“Thanks,” I rasped, my throat feeling like sandpaper. I looked at the folder. “What’s that?”
Hayes didn’t mince words. “Cyber division cracked the local networks. We looked into your family. We found out exactly why they left you to die.”
He pushed the folder toward my hand. “It wasn’t just neglect, Morgan. It was a cover-up.”
I stared at the thick manila folder for a long moment before my trembling fingers reached out to open it.
The silence in the secure medical suite was absolute. Director Hayes stood by the wall, hands clasped behind his back, giving me the space to process the betrayal.
I flipped open the heavy cover. The first page was a master ledger. Bank statements. Offshore routing numbers. Investment portfolios.
But they weren’t mine. Or rather, they were mine, but I had never seen them before.
“That’s four years of forensic financial analysis,” Hayes said, his voice devoid of pity, offering only cold facts. “While you were deployed on black ops, legally a ghost to the civilian world, someone was heavily utilizing your identity.”
I turned the page. My eyes scanned the highlighted columns. Massive sums of money—my combat hazard pay, my military disability benefits from a previous injury, my automated investments—had been systematically drained, routed through dummy accounts, and spent.
“Who?” I asked, though my gut already knew the answer.
“Your sister, Jessica, initiated eighty percent of the transactions,” Hayes replied. “Your parents, William and Barbara, signed the authorizations for the rest. They forged your signature on legal power-of-attorney documents, claiming you were incapacitated abroad.”
I stared at the receipts. High-end luxury cars. First-class vacations. Designer clothing. And most recently, hundreds of thousands of dollars paid to elite catering companies, florists, and a historic cathedral venue in the city.
They had funded their entire aristocratic, suburban facade using my blood money.
“They intercepted your physical and digital mail,” Hayes continued. “They created a perfect, hermetically sealed bubble. You were their personal bank.”
I closed the folder slowly. The physical pain in my gut was entirely eclipsed by the icy, calculating realization taking hold in my brain.
“The ER,” I whispered, the puzzle pieces violently locking into place. “That’s why they refused the CT scan. That’s why they wanted to put me in the waiting room.”

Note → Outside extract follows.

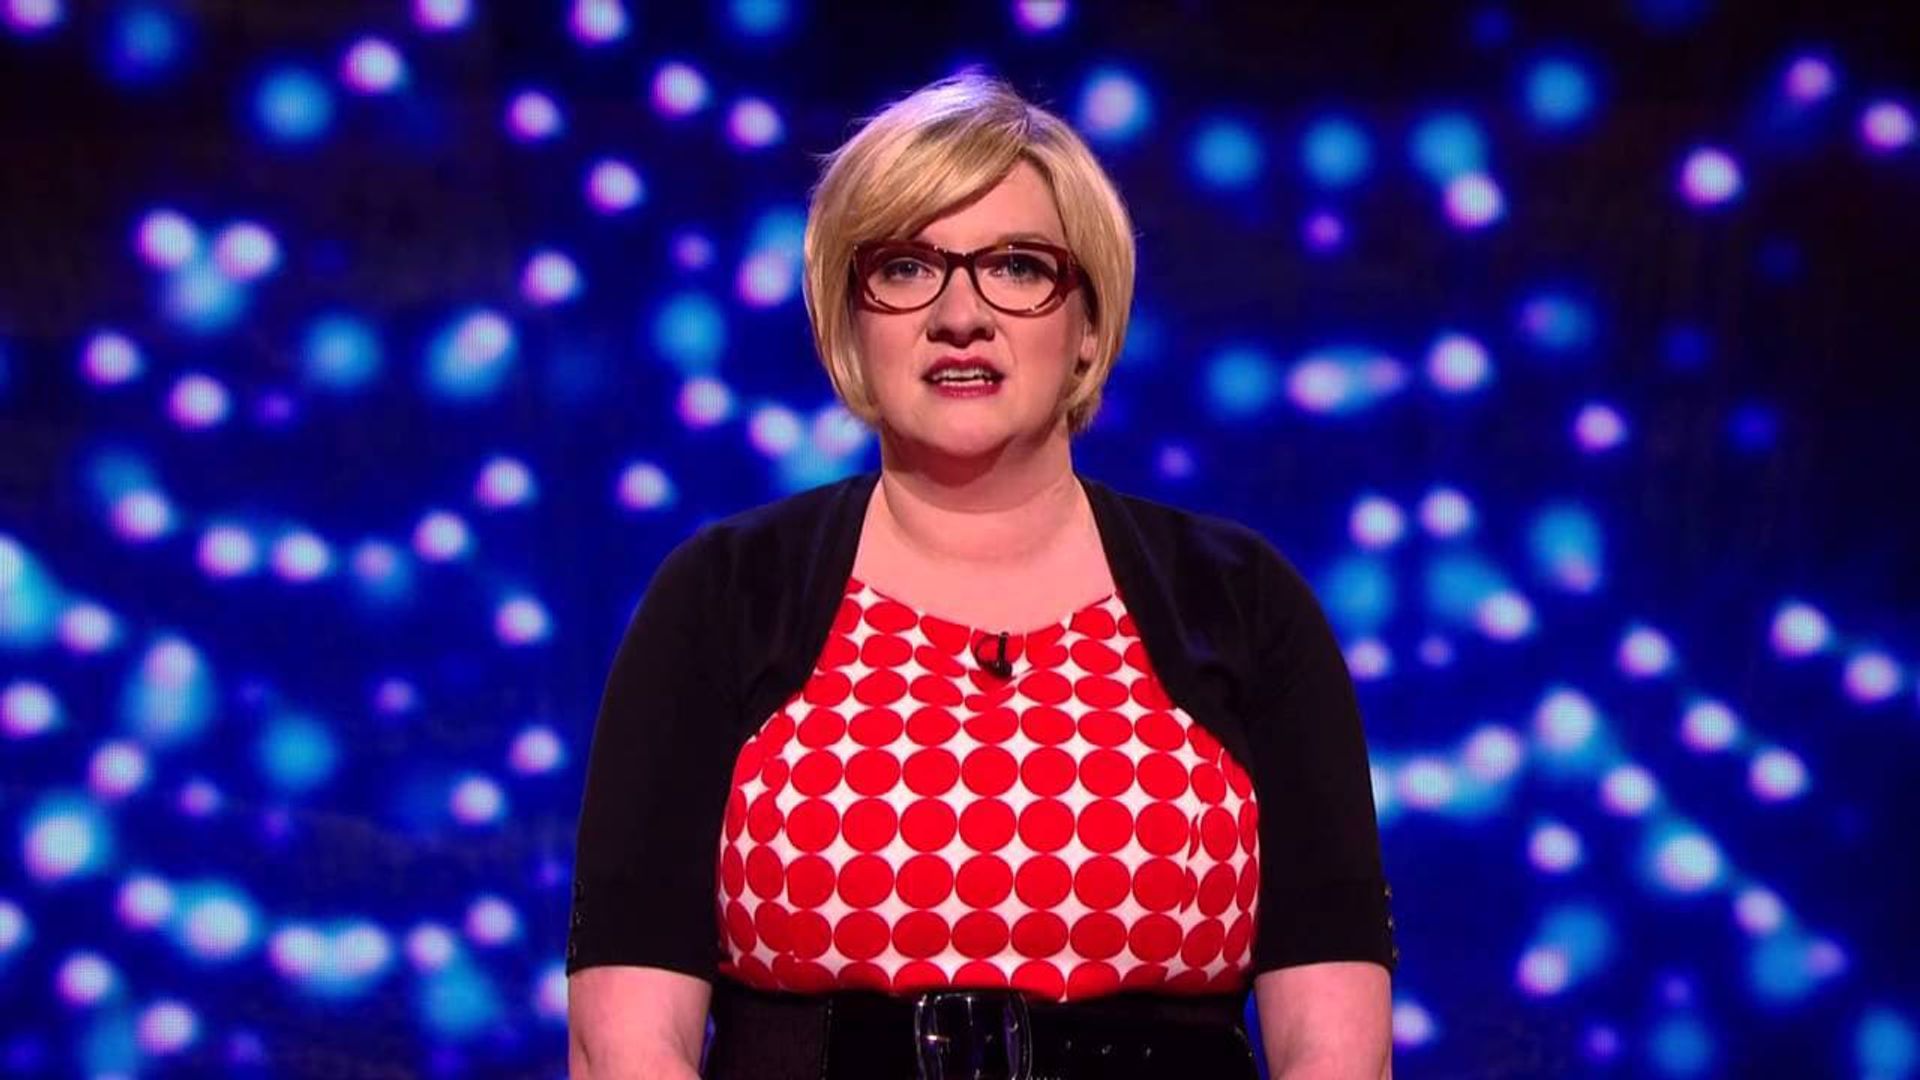 The Sarah Millican Television Programme background

“Yes,” Hayes nodded. “If the hospital admitted you, if they saved you, you would have been medically discharged. You would have returned to civilian life permanently, regained control of your assets, and discovered the fraud. By signing the ‘Against Medical Advice’ form, they weren’t just being cheap.”
Hayes met my eyes, his gaze piercing. “They were murdering you by weaponized neglect. If you died in that waiting room, the money stays theirs. The secret stays buried.”
I leaned back against the stark white pillows. The revelation didn’t make me cry. It didn’t make me scream. It burned away every lingering trace of familial loyalty, leaving behind a cold, structural void. They had looked at their bleeding daughter, their sister, and calculated that a wedding was worth more than her heartbeat.
“What are my options?” I asked, my voice steady.
“Legally? We hand this over to the DOJ. Full federal prosecution. Wire fraud, identity theft, attempted manslaughter. They go to federal prison quietly.” Hayes tilted his head. “But you didn’t ask me for the legal route, did you?”
“No,” I said, looking down at my hands. “Quiet is what they want. They built their entire lives around their public image. If they go away quietly, they spin the narrative. They play the victims of a tragic misunderstanding.”
I looked up at Hayes. The tactical commander inside me, the one who had survived behind enemy lines for years, took the wheel.
“I want to dismantle them,” I said softly. “I want them to lose everything, publicly, in front of the exact people they stole my money to impress.”